Fighters want to come in with the fancy shoes, trunks, and the big promoter. This is “make-up.” These guys have all this money behind them. I could have done that too, but then I would not have appreciated my career. That is why I respect my career. I was world champion and I did it my way.
I was told, if you are a real athlete, you don’t drink, you don’t smoke, and you don’t do drugs. I just turned 50. I never smoked; never did drugs. I wanted to be world champion and make my mother proud. I couldn’t do that standing on the corner taking drugs. A fighter is an extension of the trainer. There is no question a trainer is a father figure to a fighter. However, I will never get involved in my fighters’ personal lives. What I would tell them is to take a walk and come back when ready.
Being champion is a platform. Boxing is a platform. Once a boxer becomes a world champion, they might think they are above the law, untouchable. If I get arrested and am on TV, maybe people will then come to see me fight. My career was successful without my going to jail….except to visit! The majority of people are there for a long stretch of time. Why are they in jail? Mainly because they couldn’t run as fast as I could! When I was young, there were times I was just one or two steps ahead of the law, but I went on to learn from that experience.
HOW TO COME BACK FROM A LOSS
No problem. I always say, “Let’s sit down.” I then tell them my story. I was the number one contender, knocking everyone out. I was to fight a guy by the name of James Scott. He was beating up everybody. I didn’t train the way I was supposed to train. My mother said it was too many women, which it probably was. I went there and got my “behind” handed to me. That “smoked” me. I looked around for all the friends that came in with me. Only one came out. I said, “No problem.” My eyes began to open up. There was one girl still with me and she said, “Where are your friends?” She had a good point!
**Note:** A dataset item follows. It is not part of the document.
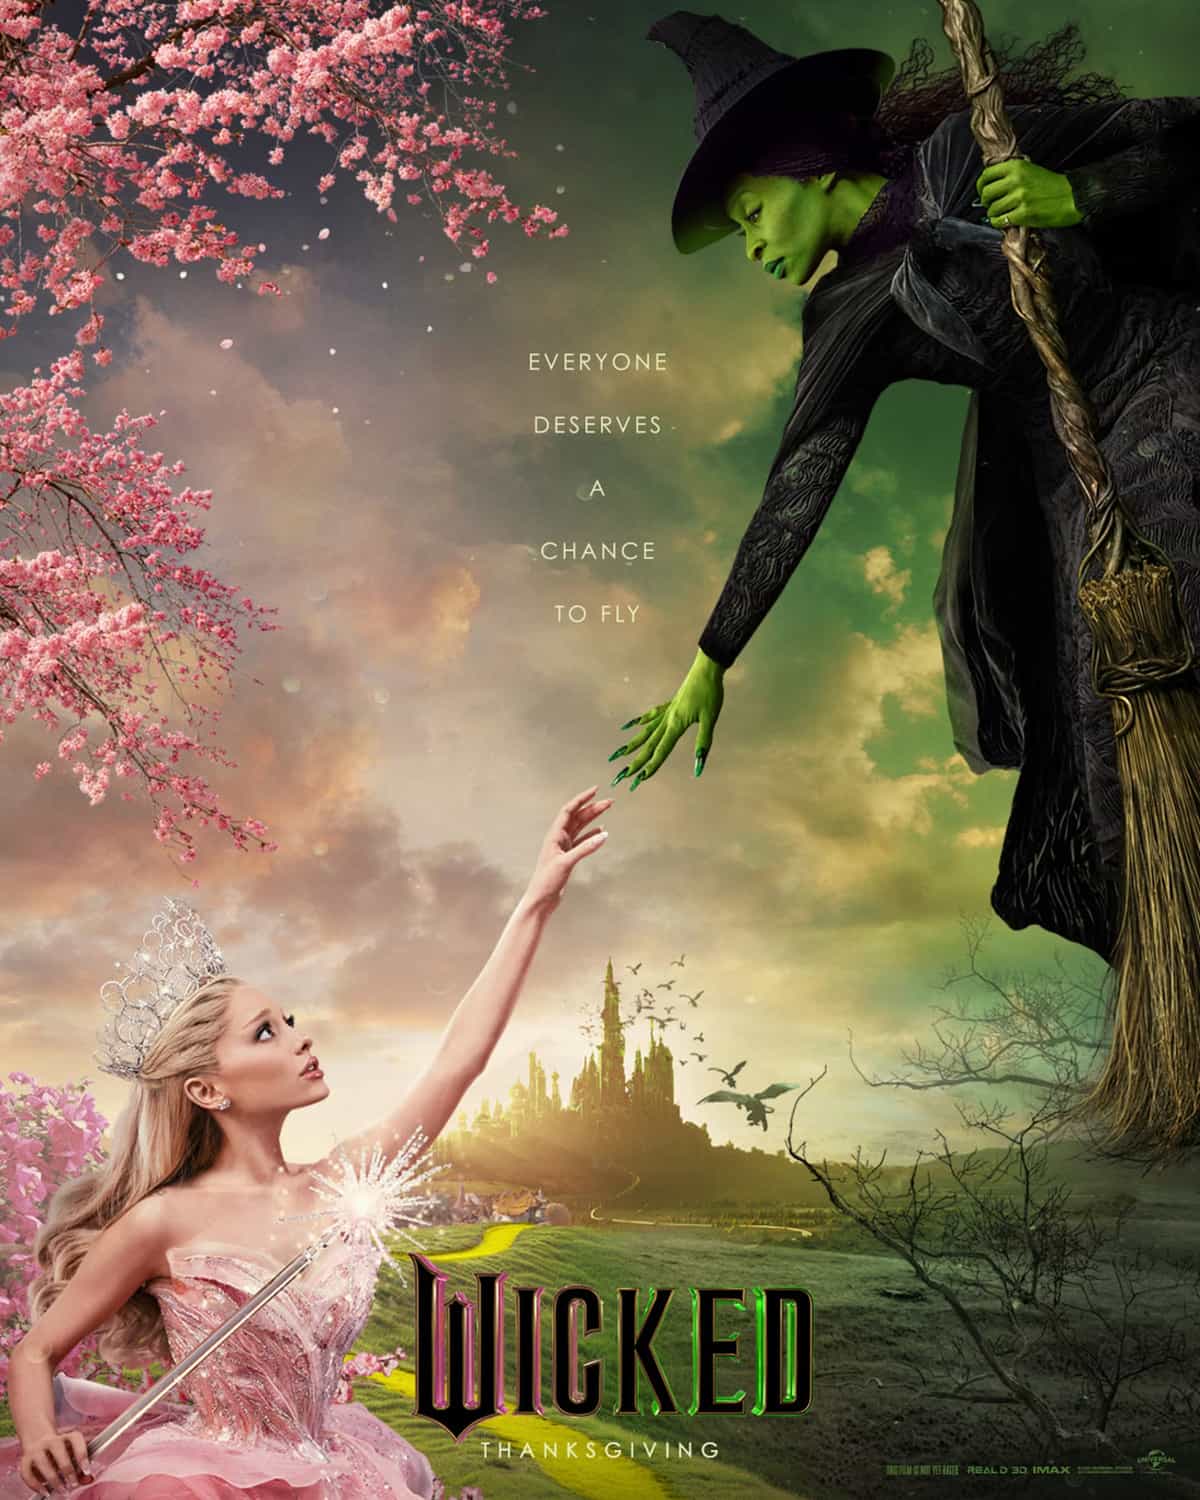 Check out the new trailer and poster for upcoming movie Wicked which stars Ariana Grande and Cynthia Erivo - movie UK release date 24th November 2024 #wicked

So, I got myself together and alienated myself from everyone. I still trained very hard even though I got dropped from number one to number 10. No problem. So, how did I deal with that? I got myself into the best possible shape. I then knocked out number 9, 8,7, 6,5,4, and so on until I had to fight the number 1 contender. It was Vladimir Whalen at the old Showboat in Vegas. I knocked him out in two rounds. I told everyone on ESPN, “I’m back!” From there I went on to win the championship. After the fight I said, “I want to thank this young lady for letting me know what time it was.”
So, if a fighter loses, he has to go over that loss and say let me fight him again after I have figured out why I lost. Most of the time the fighters blame everyone: their mother, their father, their trainer, the judges…. That’s wrong and they are only fooling themselves.
IMPROVING THE SPORT
I believe in mandatory testing for HIV/Hepatitis. I don’t think the gyms should be monitored. However, credibility in the sport is needed to improve boxing. Boxing needs to be policed by the right people who know the game. The fighters need someone in charge they can relate to, someone that understands the various issues they face on a day-to-day basis.
Eddie Mustafa Muhammad resides in Las Vegas, Nevada, where he is a well-known and respected trainer. We had worked with world champions including Iran Barkley and James Toney, and currently Danny Romero. His Professional record was 50 (39 KO’s)-1-8. He was the 1980-81 WBA light-heavyweight Champion.